Когда хорька загоняют в угол, он не показывает явного страха, не дождёшься — он выплёскивает всю агрессию, на какую только способен. В его генах заложено побеждать. Это признак сильнейшего, несгибаемого духа, готового бороться до смерти. Не каждому такое дано. И Настя родилась именно такой — борцом по жизни, с рождения.

С малых лет она не знала что такое любовь и ласка, не ведала каково это — быть нужной, важной.

И вот она стоит перед нами у стены, глядит на мать, сверкая зубами — ещё ребёнок, ещё маленькая, шестилетняя девочка с двумя неряшливыми хвостиками чуть выше ушей. Ею никто и никогда не интересовался, и весь мир твердил ей о том, что она лишняя, что сдохла бы она уже, исчезла бы, зачем ты живёшь, зачем ты борешься, ведь ты не нужна, никому не нужна…

А она борется. Ведёт войну с главным врагом — своей матерью. Её нежная детская кожа уже как панцирь — от него отскакивают обидные слова и поступки. Но даже в панцире есть ничем не защищенные лазейки, которые всегда в синяках, ведь она человек, ведь как бы она не научилась защищаться и показывать зубы — она всего лишь маленький забитый хорёк и разница между ними в том, что хорёк никогда не отличит добра от зла, он слишком прост и быть злобным заложено в его кр*ви. А Настина агрессия — это маска, плащ из плотной резины. Ты возьми нож доброты и разрежь этот плащ, эту маску, и под ними найдёшь голодного, испуганного ребёнка, который прижмётся к тебе и заплачет. Но такой человек не спешил приходить в жизнь Насти. У неё была только мать.

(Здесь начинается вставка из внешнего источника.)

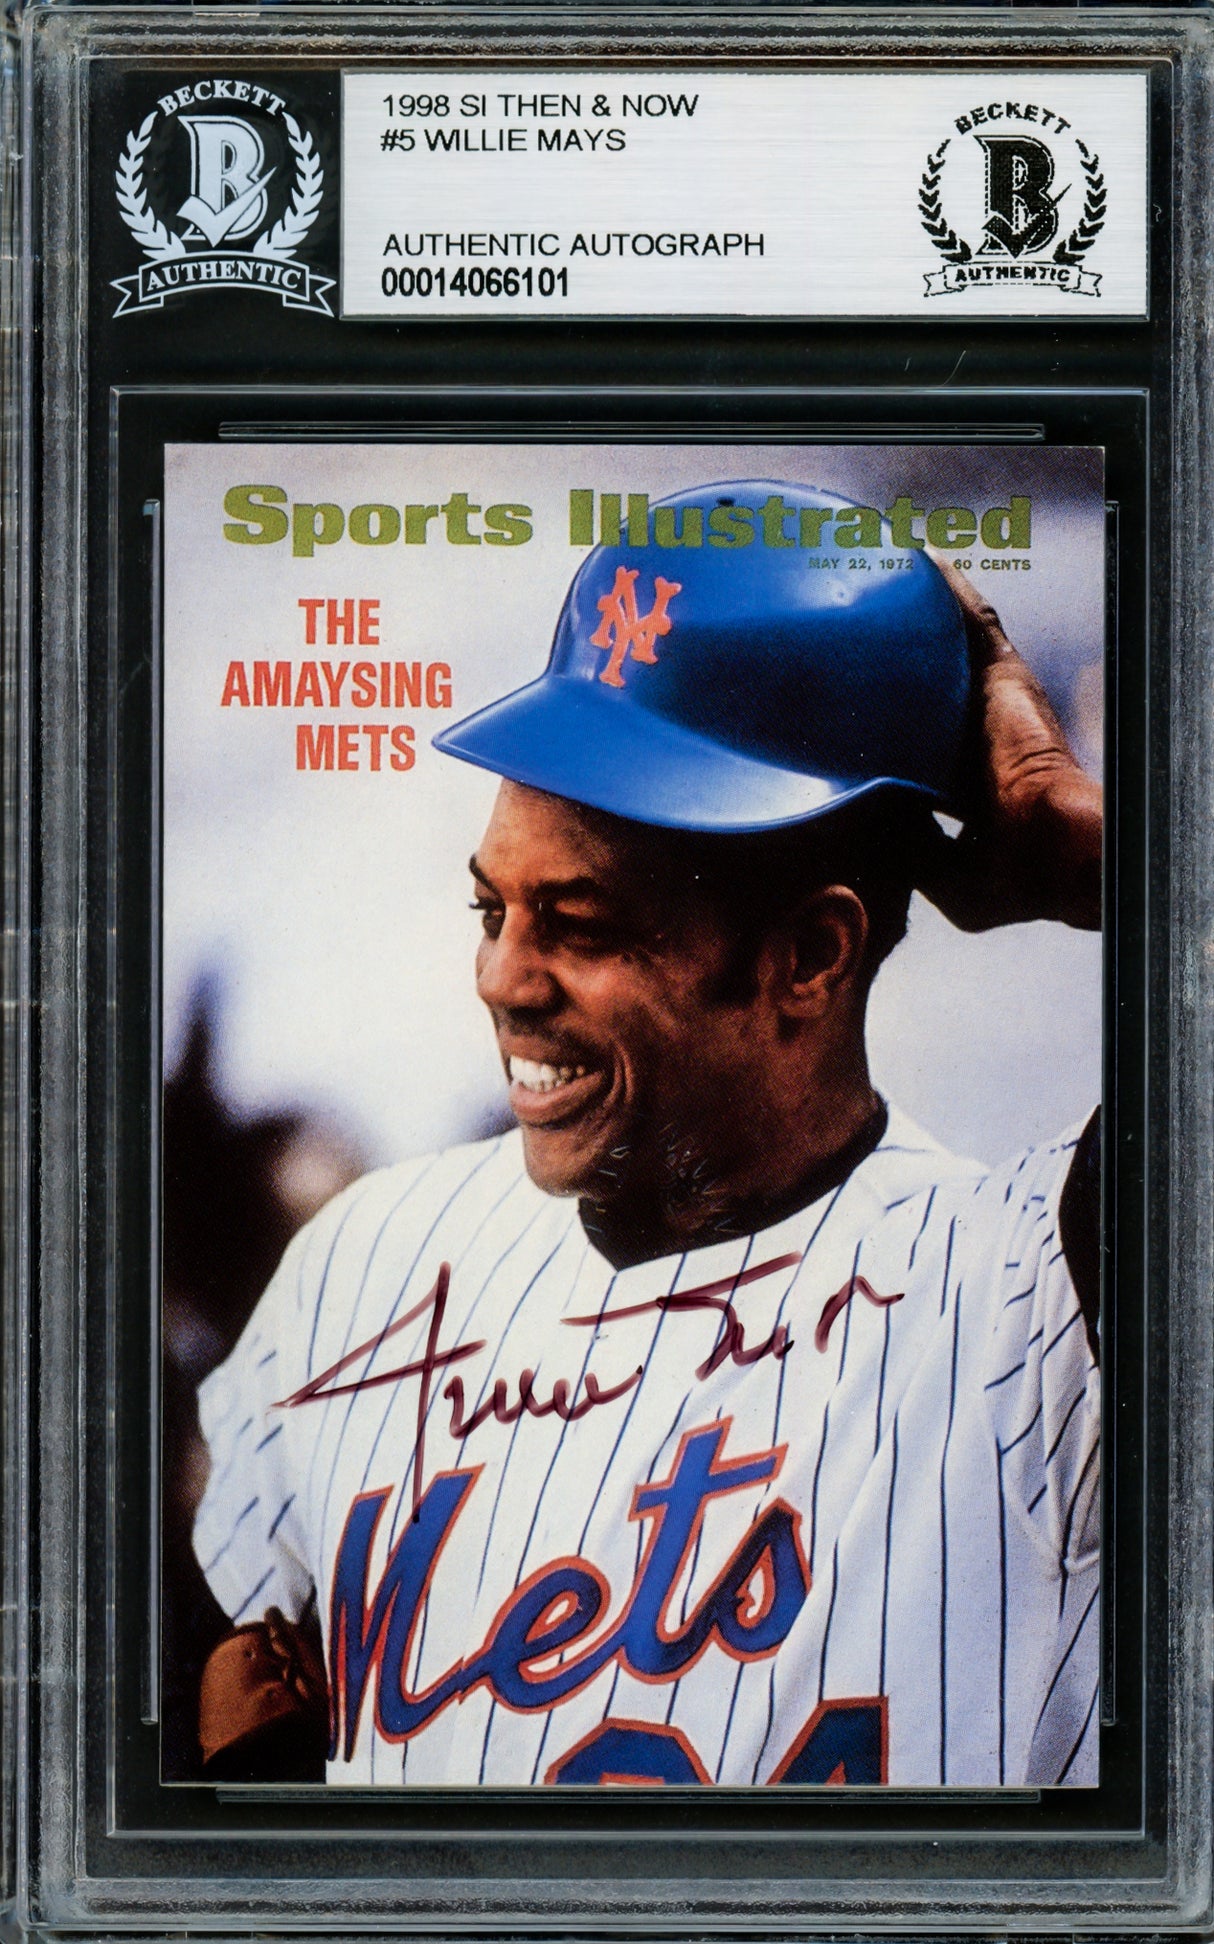 Willie Mays Autographed 1998 Fleer Sports Illustrated Card #5 New York Mets #/250 Beckett BAS #14066101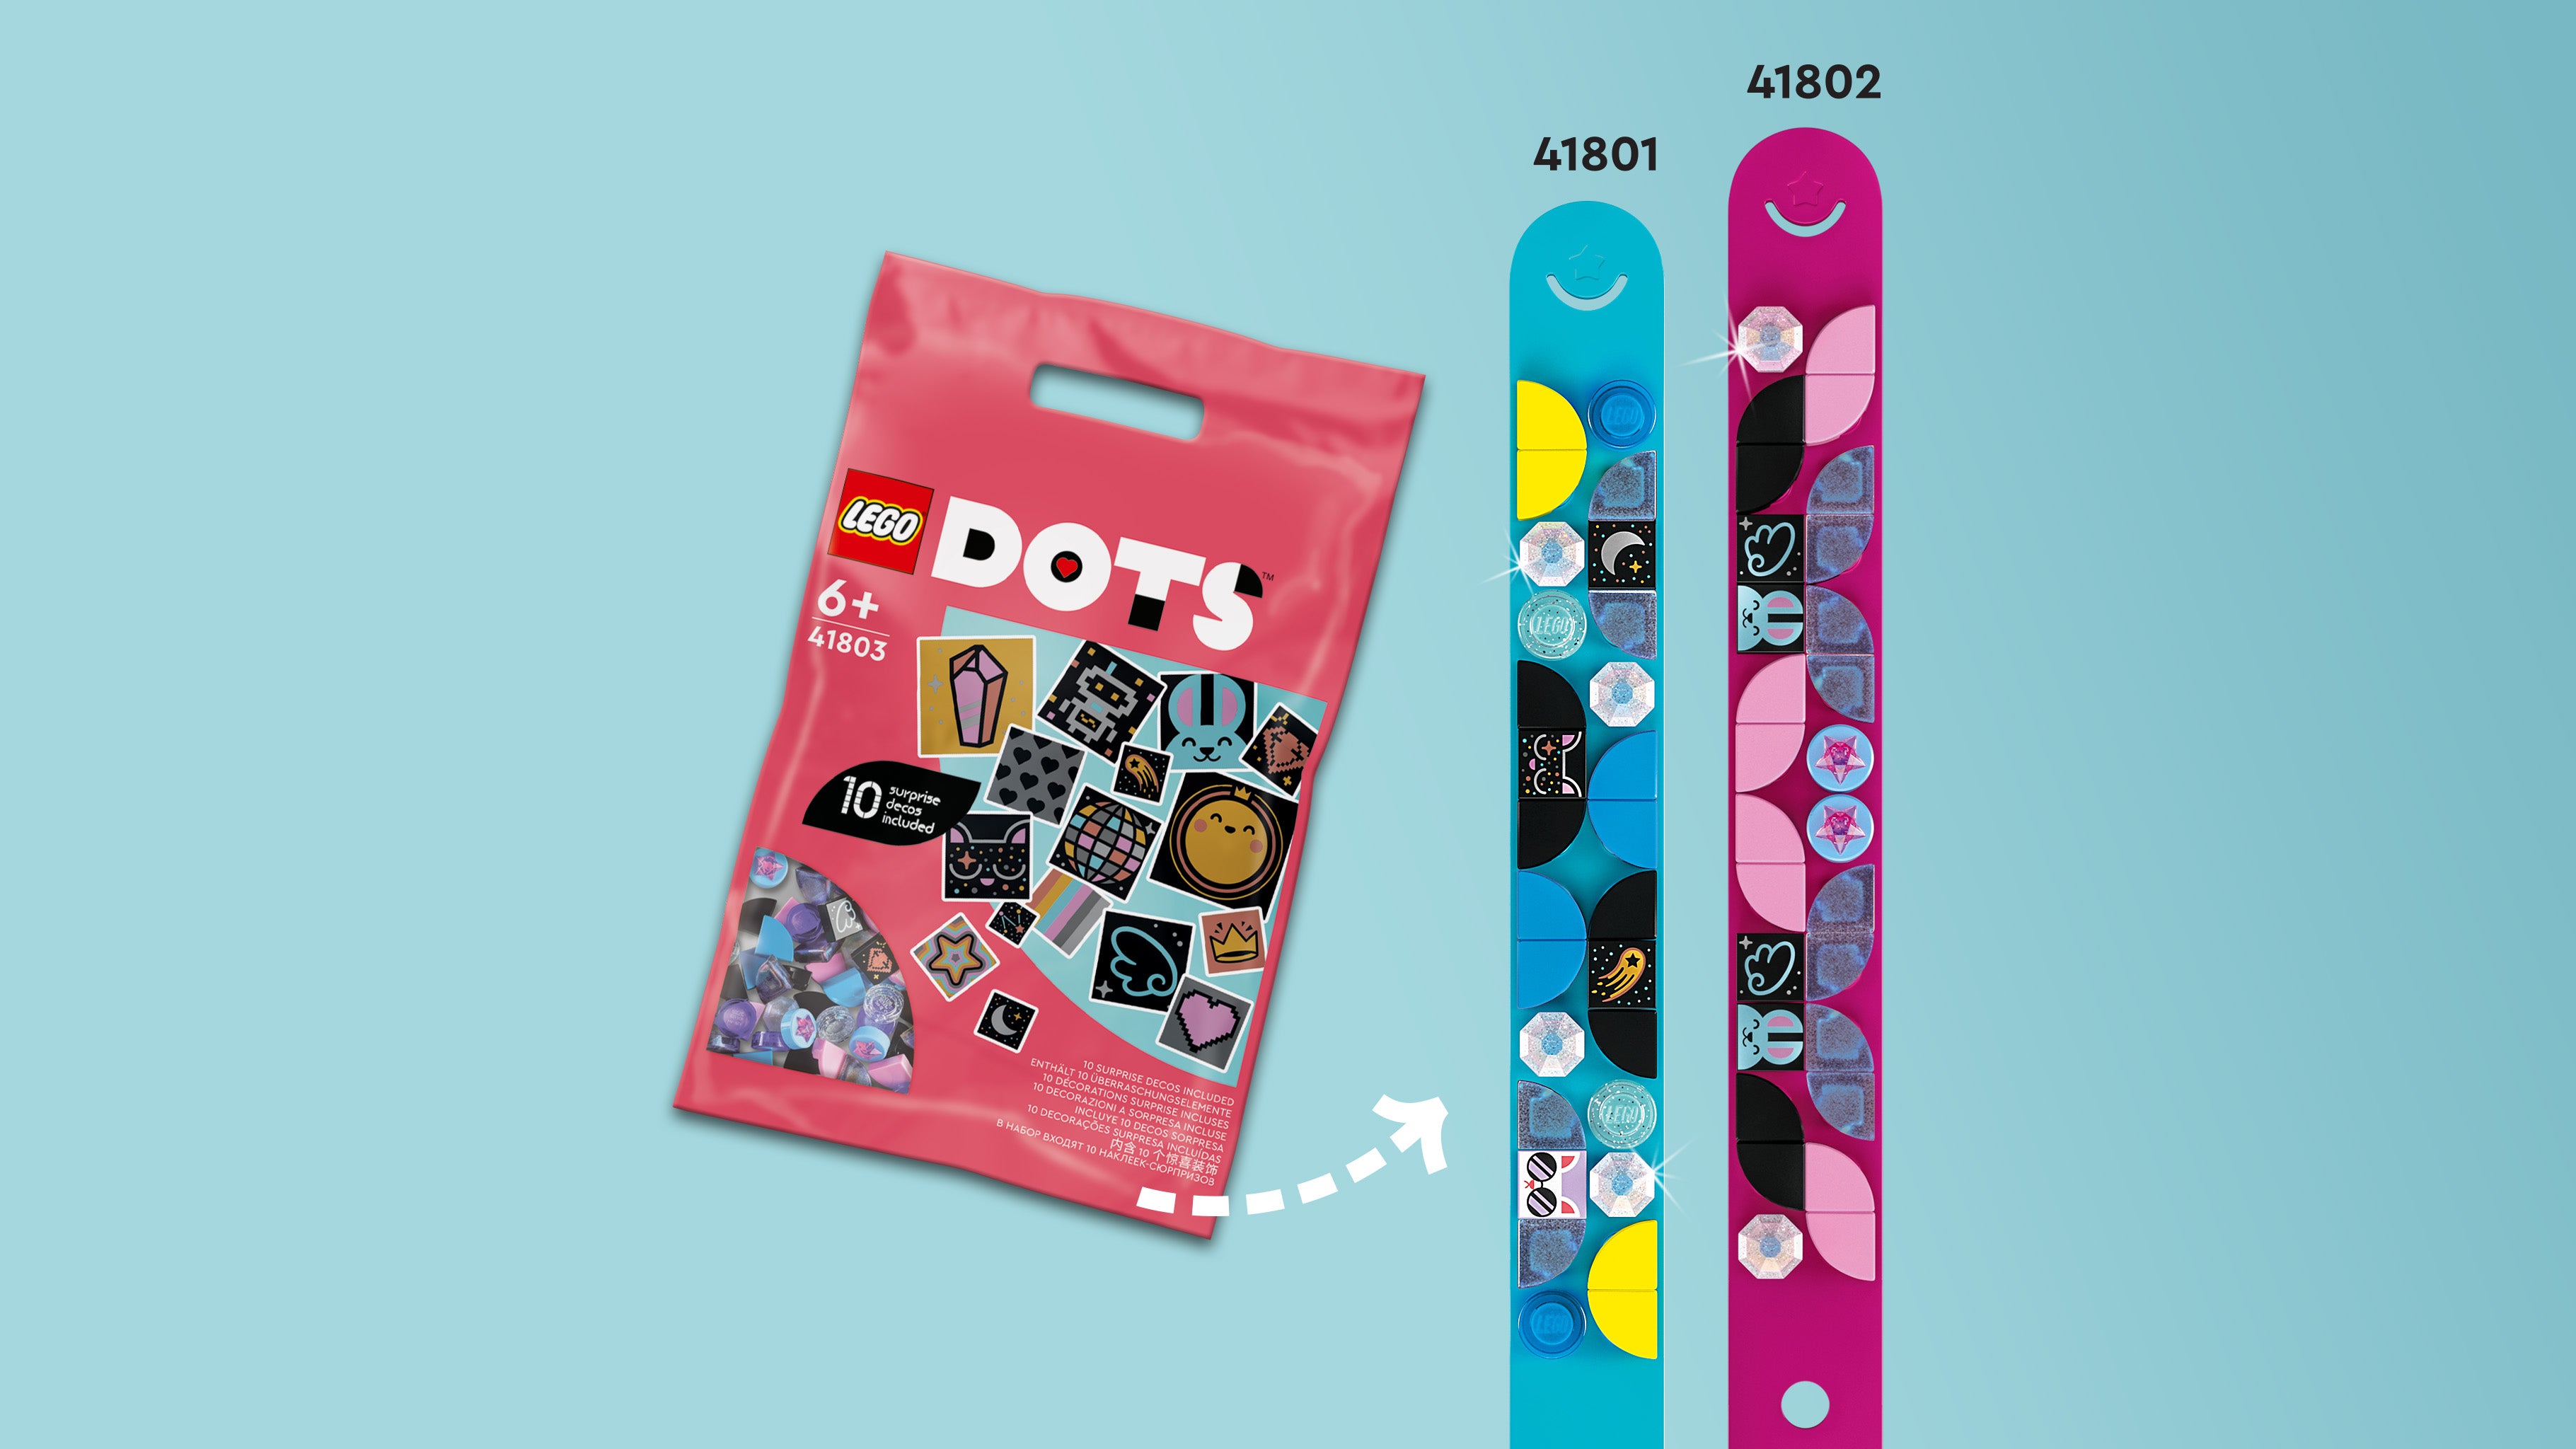 Lego 41803 Extra DOTS Series 8 - Glam

— Чего смотришь на меня?! Уйди c глаз моих! — гаркнула опять мама. Но Настя не уходит. Хоть убей её — не уйдёт. Такая уж натура, не умеющая отступать и сдаваться.

— Тебе надо ты и иди, а мне нравится здесь стоять! — смело отвечает она.

— Ах ты ж зараза!

— Сама ты зараза!

Мать начинает визжать свою старую песню. В уголках её тонких губ скапливается пеной слюна, она орёт так, что звук отскакивает от стены и бьётся о Настину спину.

— Это где же такое видано? У меня на участке все мужики механизированной колонны меня уважают, а дома какая-то сопля ни в грош не ставит! Ты думаешь, я не вижу, как ты меня ненавидишь? — мать подошла ближе, и Настя почувствовала запах дешевых духов и недавно съеденного супа с консервами. — Из-за тебя у меня жизнь не сложилась! Ни один мужик не захочет бабу с ребенком, особенно с таким!

И она налетает на Настю. Рука матери впивается ей в плечо. Настя стискивает зубы. Не заплачет. Ни за что. И не сдвинется с места.

— Хоть что с тобой сделай — все равно будешь упрямиться! — мать захрипела от ярости и вновь охарактеризовала её одним излюбленным словом, метким, по её мнению: — Чудовище!

Настя поднимает глаза, смотрит на мать прямо:

— Чудовище здесь только ты.

Голос мамы никогда не бывал ласковым. Он не знал тех мягких интонаций, которыми другие матери будят детей по утрам. Не умел складываться в теплые слова, как складывают руки в молитве. Он был острым, как лезвие, и холодным, как зимняя ручка двери, к которой не хочется прикасаться голой кожей.

«Настя!» – и уже по одному звуку своего имени девочка понимала: что-то не так. Всегда было что-то не так.

Мама обращалась к ней строго, отрывисто, повышая голос на последних слогах так, что слова начинали вибрировать – неприятно, как комар у виска. Каждая фраза оставляла на сердце маленькие царапины, невидимые, но болезненные.

Она «доставала» мать за любую провинность. За разлитый чай. За неубранные игрушки. За то, что слишком громко дышала, когда мама приходила усталая. За то, что существовала.

И тогда начиналось.

Мама могла сорваться с пол-оборота – еще секунду назад спокойно разговаривала по телефону, а теперь уже орала, хваталась за ремень, за расческу, за что попало под руку. Руки Насти инстинктивно прикрывали голову, а в ушах звенело:

«И зачем я тебя родила!»

Эти слова падали, как камни, но от них уже не становилось тяжелее — привычные слова отскакивали от защитного панциря Насти, осыпались к ногам, и мать, видя, что не задевает её достаточно сильно, что не удаётся вывести дочь на эмоции, выходила из себя ещё больше.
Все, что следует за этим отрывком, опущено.